Colun grunted, still intent on the skeletal figure. It was Morrhyn, he decided—the angle of those sunken cheeks, that ax-blade nose, those were Morrhyn's. But what in the Maker's name was the Commacht Dreamer doing here, and where had he come from? It was a mystery he supposed would be answered if the man lived—which, were he frank, seemed unlikely—and one he could have done without. The Maker knew, there were mysteries and troubles enough in these dark days.

He tugged at his beard as the women brought heated blankets and Marjia set to stirring the broth. There was little enough food and, despite their losses, too many Grannach to eat it. He let his eyes wander over the cavern, thinking they already had wounded enough to tend, and felt the darkness cloud his soul.

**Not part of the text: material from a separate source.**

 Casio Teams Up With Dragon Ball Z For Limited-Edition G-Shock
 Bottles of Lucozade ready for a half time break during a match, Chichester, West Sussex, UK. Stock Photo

It was no consolation to know his fears proven true, to know he had been right and the others wrong. The outcome was too dismal.

His people had debated as the invaders continued their advance, and long before any conclusion was reached, the strangelings had come deep into the mountains. They had swarmed into the high passes like some vast ant army, pushing remorselessly forward to sweep the defending Grannach from their path as a storm wind blows away chaff. The only unity the Grannach had reached was the agreement that the western tunnels be all sealed, but by then it was too late, for the invaders came in by the lesser entrances and the high, secret ways, and the Grannach were sealed up as he had prophesied, like frightened rabbits in their warrens.

Too many had died, and too many more acted foolishly. Janzi and Gort had sealed their families in the ancestral caves, and for all Colun knew, they remained there, likely to starve. Daryk had died fighting the invaders as they came into the Basanga caverns, and scarce a hundred of his family had survived to flee to the Javitz: sad refugees in their own mountains. Menas, at least, had shown some sense at last and come with all his Katjen to join Colun's folk, but too late. Menas had been wounded, his side pierced by a lance, and was dead now. His last words had been a plea that his family accept Colun's leadership, and that Colun protect them as his own.